- Palantir shares rose as much as 28 percent in extended trading Monday after the company released first-quarter earnings that beat analyst estimates in the top and bottom lines.
- CEO Alex Karp said the company expects to remain profitable “every quarter through the end of the year.”
- Palantir’s revenue for the quarter increased 18% year-over-year, and its U.S. commercial revenue grew 26%.

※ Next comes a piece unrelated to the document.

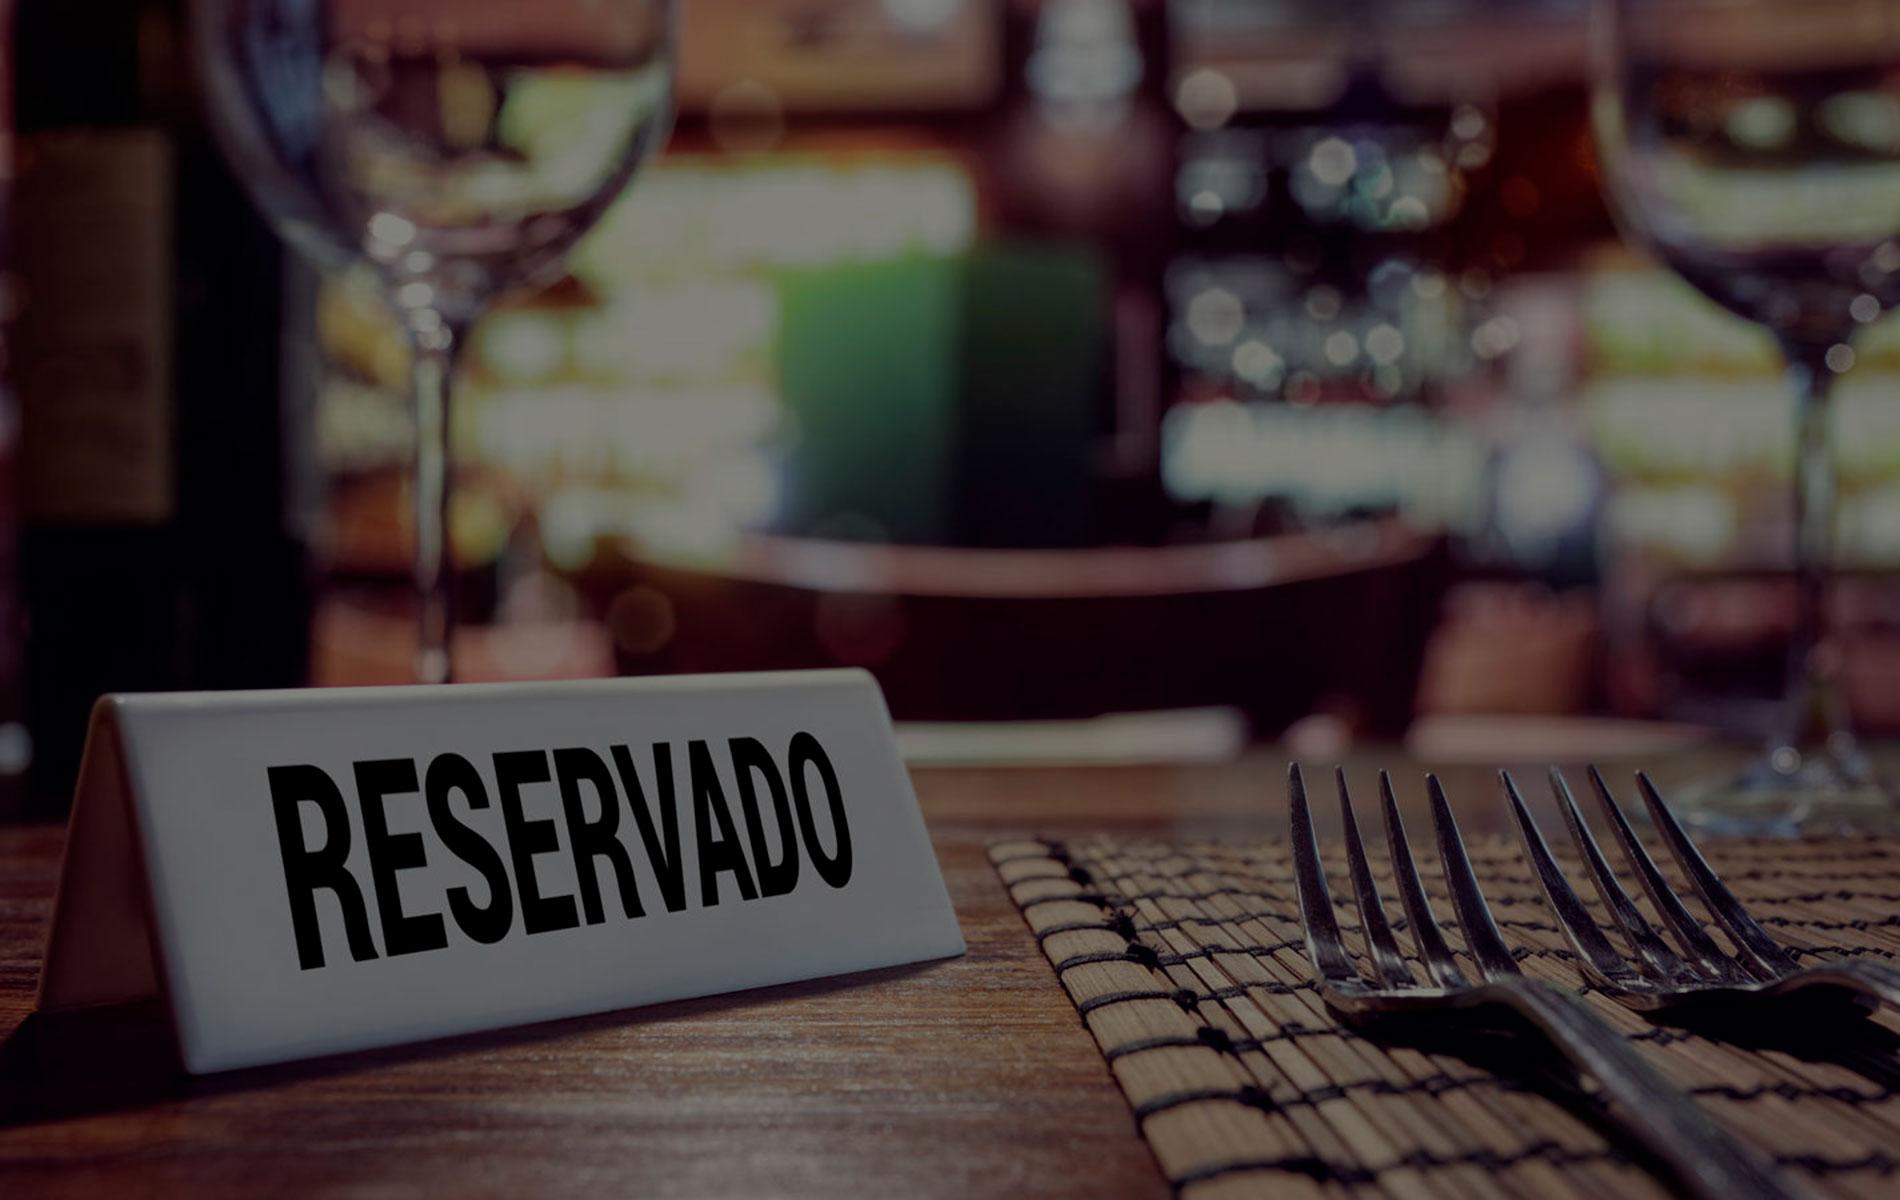 Realiza una reserva

Alex Karp, CEO of Palantir Technologies, speaks at the Davos Congress Centre, venue for the World Economic Forum (WEF) 2023, in the Alpine resort of Davos, Switzerland, January 18, 2023.
Arend Wegman | Reuters
Palantir shares rose as much as 28% in extended trading Monday after the company’s release first quarter earnings It beat analyst estimates and said it expects to be profitable through the end of the year.
Here’s how the company did:
- EPS: 5 cents, adjusted versus the 4 cents expected by analysts, according to Refinitiv
- he won: $525 million versus the $506 million expected by analysts, according to Refinitiviv
Palantir’s revenue for the quarter increased 18% year-over-year, and its U.S. commercial revenue grew 26%. The software company, known for its work with the government, said the number of commercial customers in the US increased 50% year over year, rising from 103 customers to 155.
The company reported its second-ever positive net income on a GAAP basis, at $17 million, and in a letter to shareholders, CEO Alex Karp said the company expects to remain profitable “every quarter through the end of the year.”
Last quarter, Palantir posted its first-ever quarter of positive net income on a GAAP basis, at $31 million. “This is an important moment for us and our supporters,” Karp said he said in a statement on time.
Palantir said it expects to generate revenue between $528 million and $532 million during the second quarter, and between $2.19 billion and $2.24 billion for the full year.
Karp also said that demand for Palantir’s new AI platform is “unprecedented”. The company’s AIP allows the commercial and government sectors to use large language models based on their datasets, and will be available to “select customers” this month.
“We have already had hundreds of conversations with potential clients about deploying the software and are currently negotiating terms and prices for access to the platform components,” he wrote.
Artificial intelligence presents “real” risks, Karp added, so he said Palantir’s software is designed with human participation and oversight in mind. In other words, AI will not be able to independently carry out targeting operations in a military context.
“A machine must still belong to its creator,” he said.
The company will hold its quarterly investor call at 5:00 PM ET on Monday.